This technique of instilling drugs directly into the trachea of neonatal rodents is important in studying the impact of locally administered drugs or biologicals on neonatal lung diseases. Additionally, this method can also be used for inducing lung injury in animal models.

Streszczenie

Treatment of neonatal rodent with drugs instilled directly into the trachea could serve as a valuable tool to study the impact of a locally administered drug. This has direct translational impact because surfactant and drugs are administered locally into the lungs. Though the literature has many publications describing minimally invasive transoral intubation of adult mice and rats in therapeutic experiments, this approach in neonatal rat pups is lacking. The small size of orotracheal region/pharynx in the pups makes visualization of laryngeal lumen (vocal cords) difficult, contributing to the variable success rate of intratracheal drug delivery. We hereby demonstrate effective oral intubation of neonatal rat pup - a technique that is non-traumatic and minimally-invasive, so that it can be used for serial administration of drugs. We used an operating otoscope with an illumination system and a magnifying lens to visualize the tracheal opening of the rat neonates. The drug is then instilled using a 1 mL syringe connected to a pipette tip. The accuracy of the delivery method was demonstrated using Evans blue dye administration. This method is easy to get trained in and could serve as an effective way to instill drugs into trachea. This method could also be used for administration of inoculum or agents to simulate disease conditions in animals and, also, for cell-based treatment strategies for various lung diseases.

Wprowadzenie

Neonates born prematurely have poorly developed lungs requiring many interventional therapies such as long-term ventilation. These interventions place the surviving neonates at a high risk of subsequent sequelae1. Experimental animal models serve as an important tool in simulating various disease conditions, studying the pathobiology of diseases, and evaluating therapeutic interventions. Even though a broad range of animal models from mice, rat, and rabbit to pre-term lambs and pigs are available, mice and rat are the most used.

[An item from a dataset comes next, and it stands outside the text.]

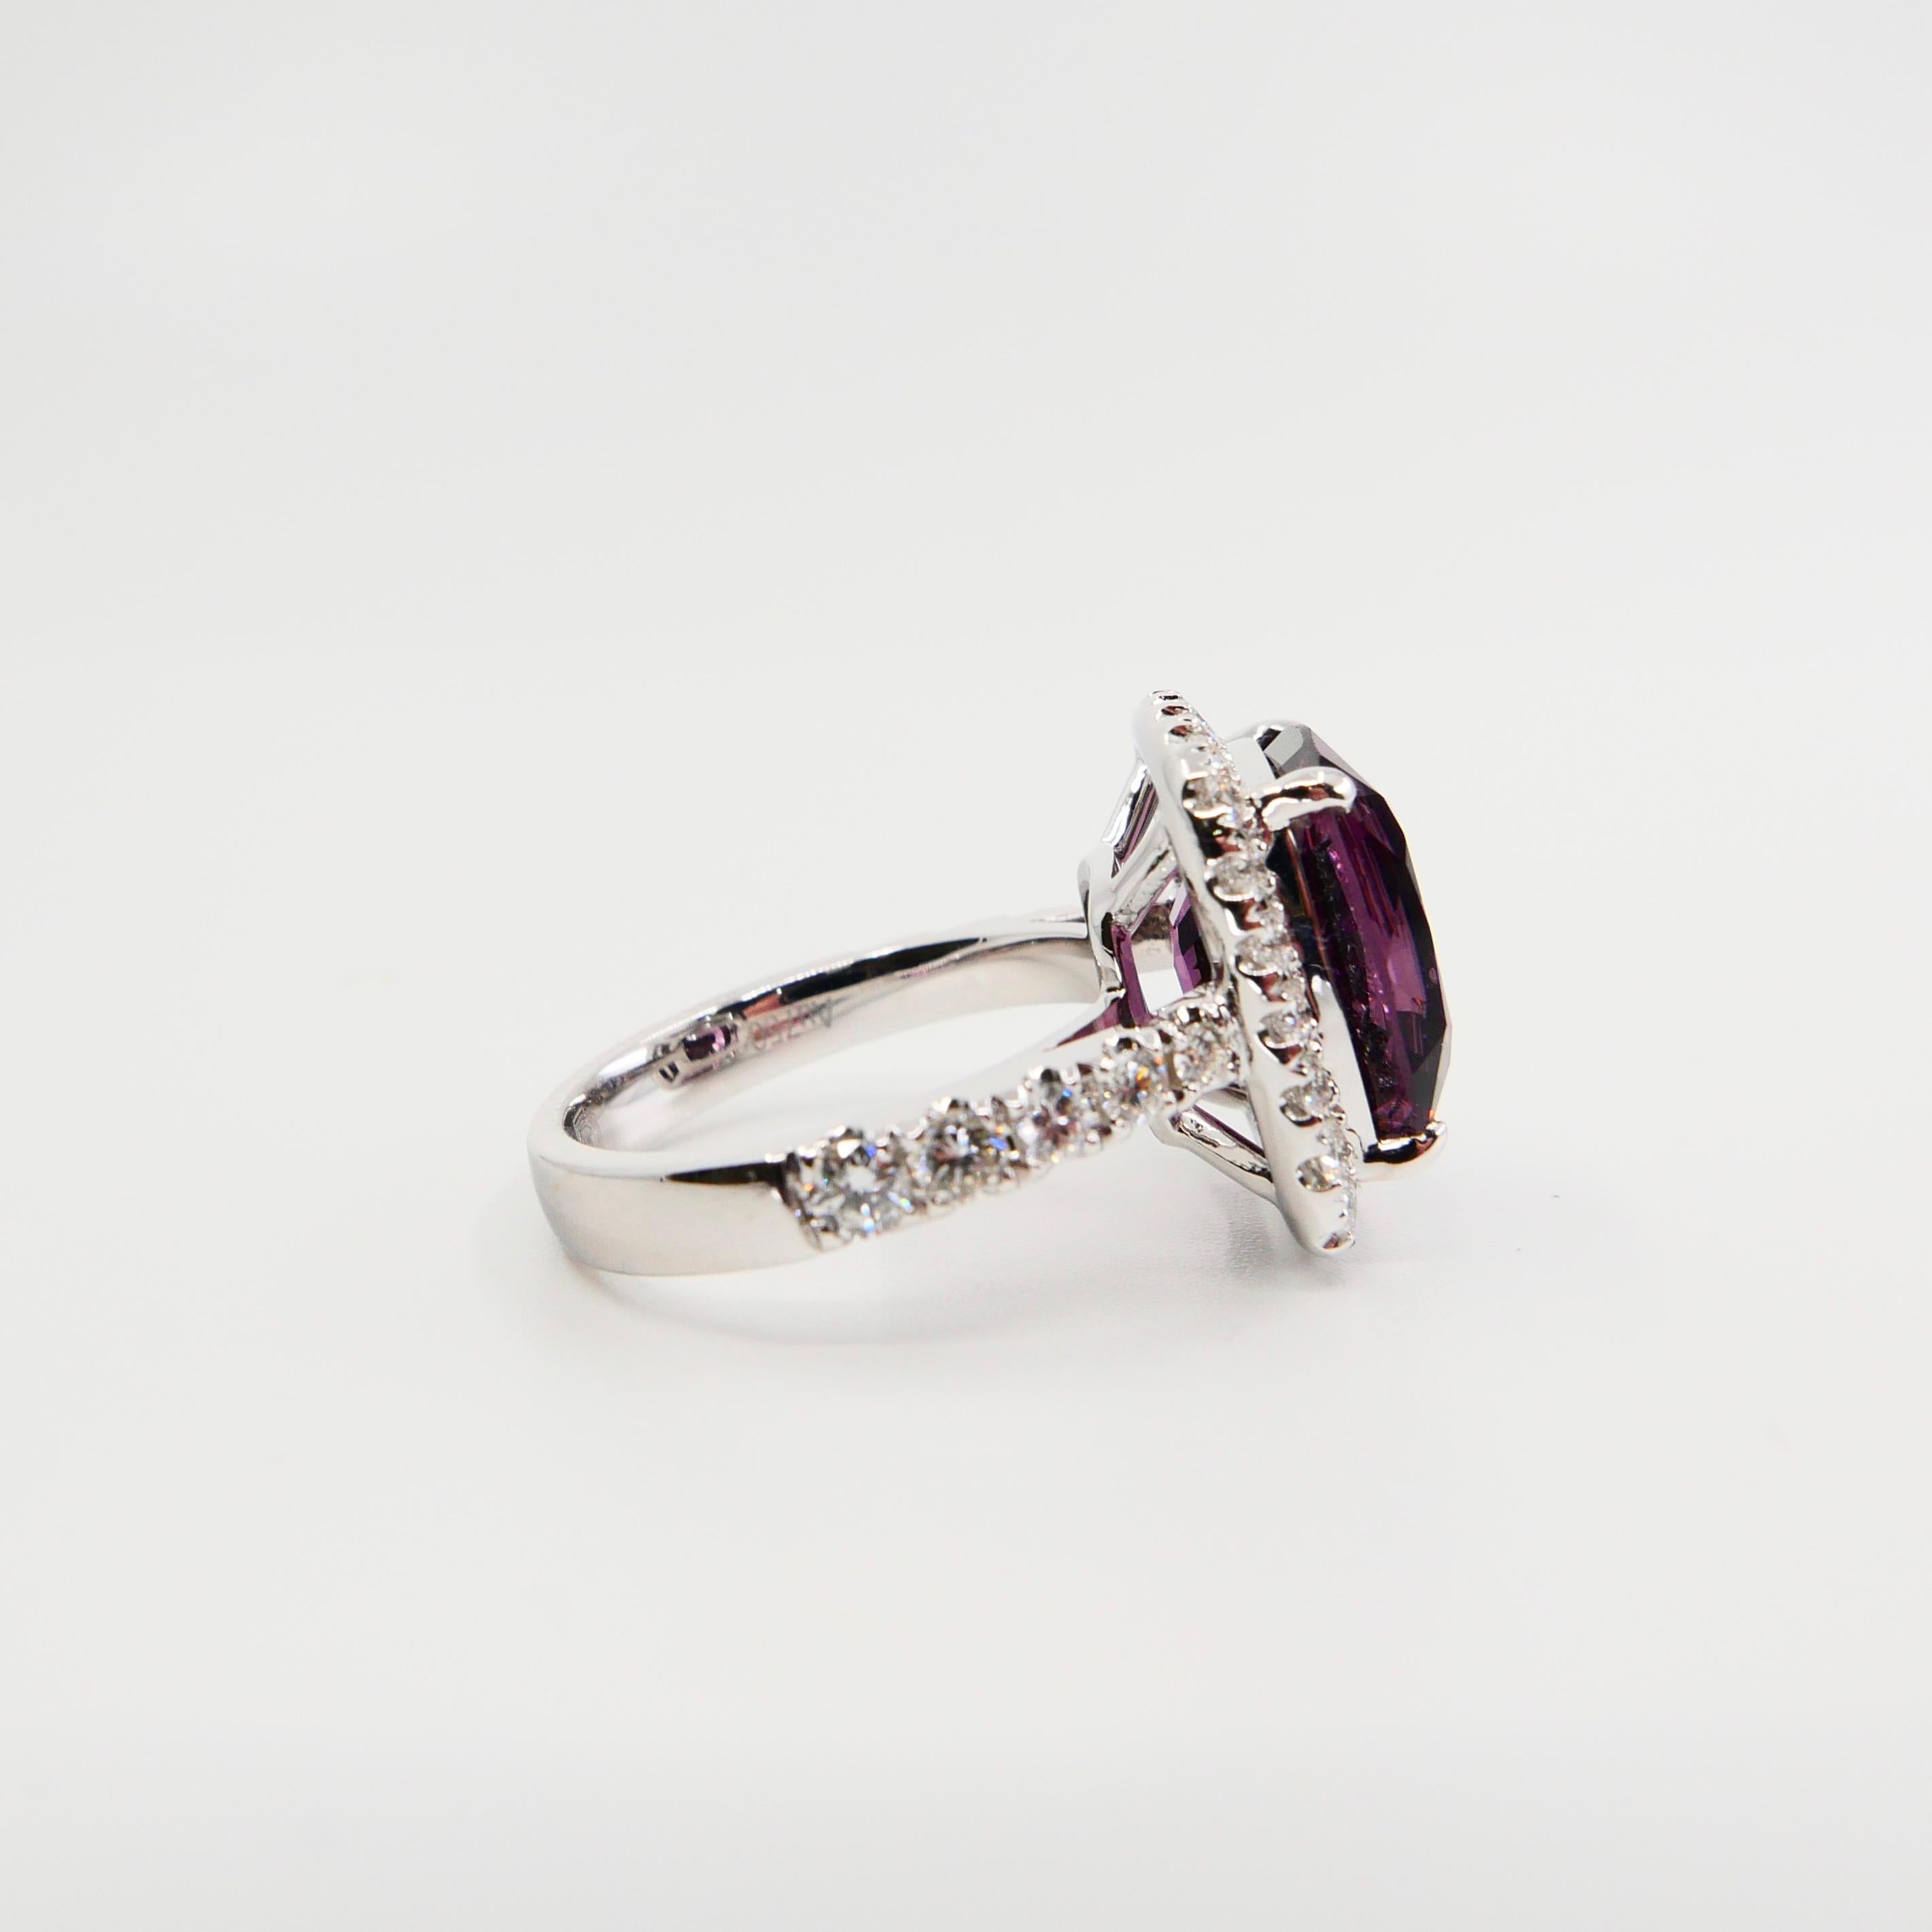 Certified Natural 9.18 Carat Vivid Purple No Heat Spinel & Diamond Cocktail Ring For Sale 9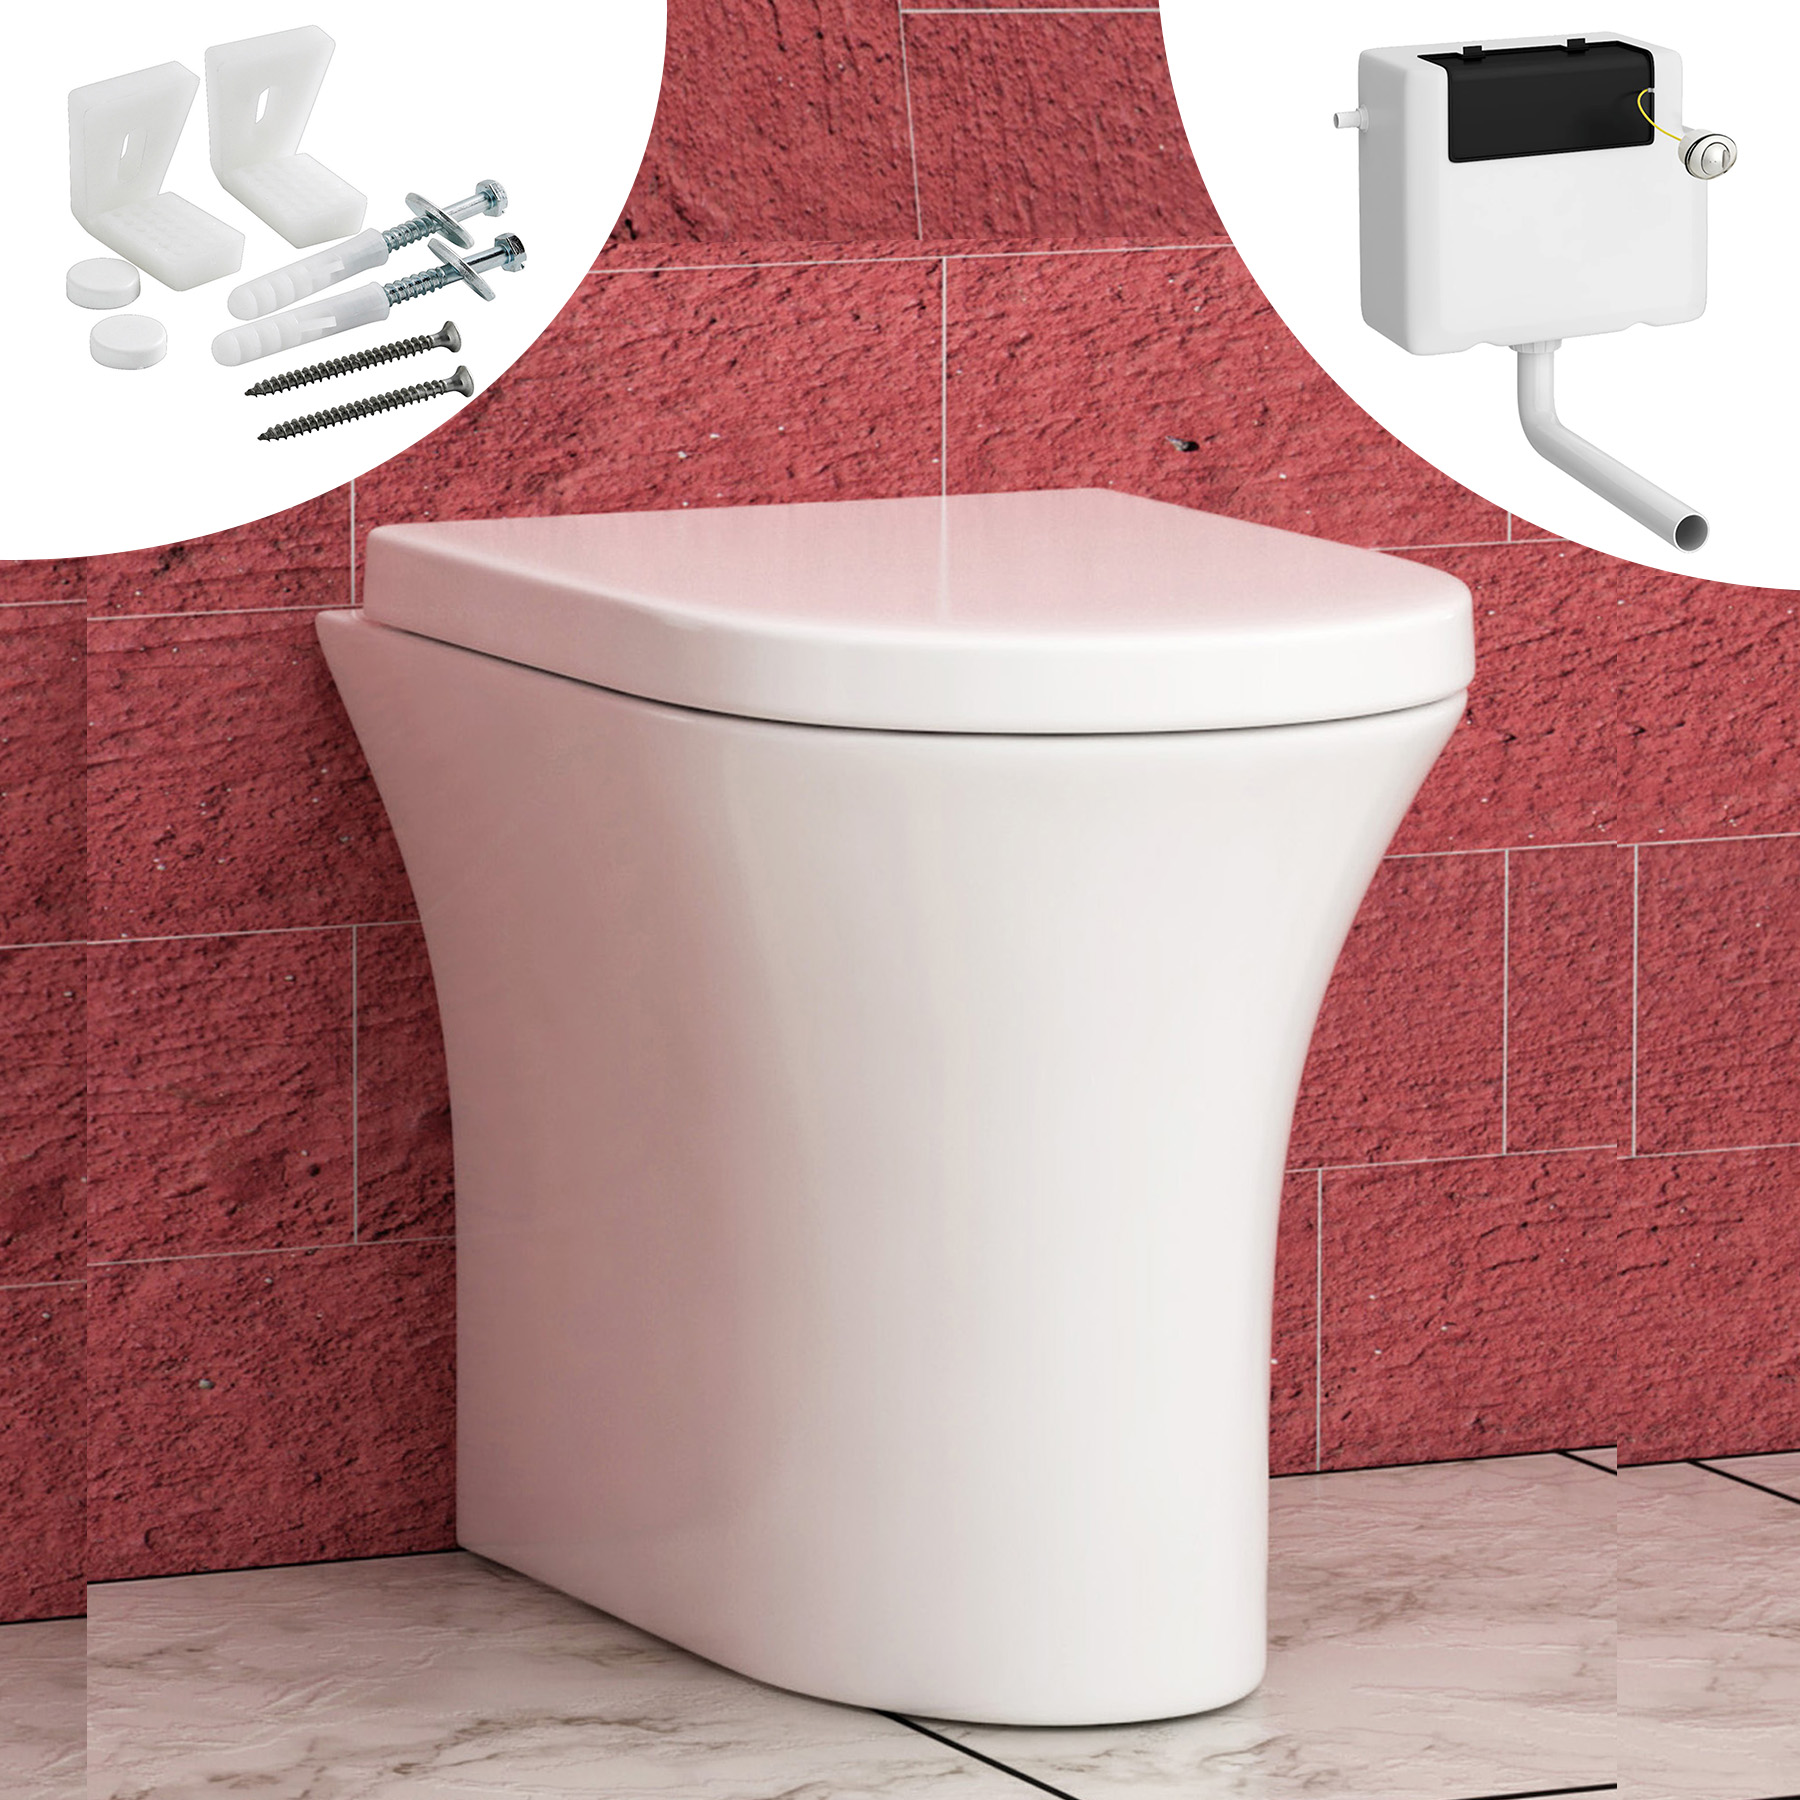 Breeze BTW Back to Wall Ceramic Toilet Pan + Soft Close Seat & Concealed Cistern eBay

The primary advantage of using mice and rats are the relatively short gestation period and reduced cost. They are also readily available, easy to maintain in disease-free environments, genetically homogeneous and have relatively less ethical concern2,3. Another major advantage of the rodent model is that at birth the neonatal pup is at late canalicular/early saccular stage of lung development which is morphologically equivalent to the lung of a 24-week preterm neonatal human infant going on to develop bronchopulmonary dysplasia4. In addition, as their lung development rapidly progresses to completion within the first 4 weeks of life, it is feasible to study the post-natal lung maturation in a reasonable time frame4. Despite these advantages, the small size of the mice and rat pups is a source of concern for various interventions, which compels most researchers to use adult animals rather than pups5. Neonatal lungs are in a developmental stage and the response of a neonate to an inciting agent differs from that of an adult. This makes it appropriate to use neonatal animal models to study human neonatal disease conditions.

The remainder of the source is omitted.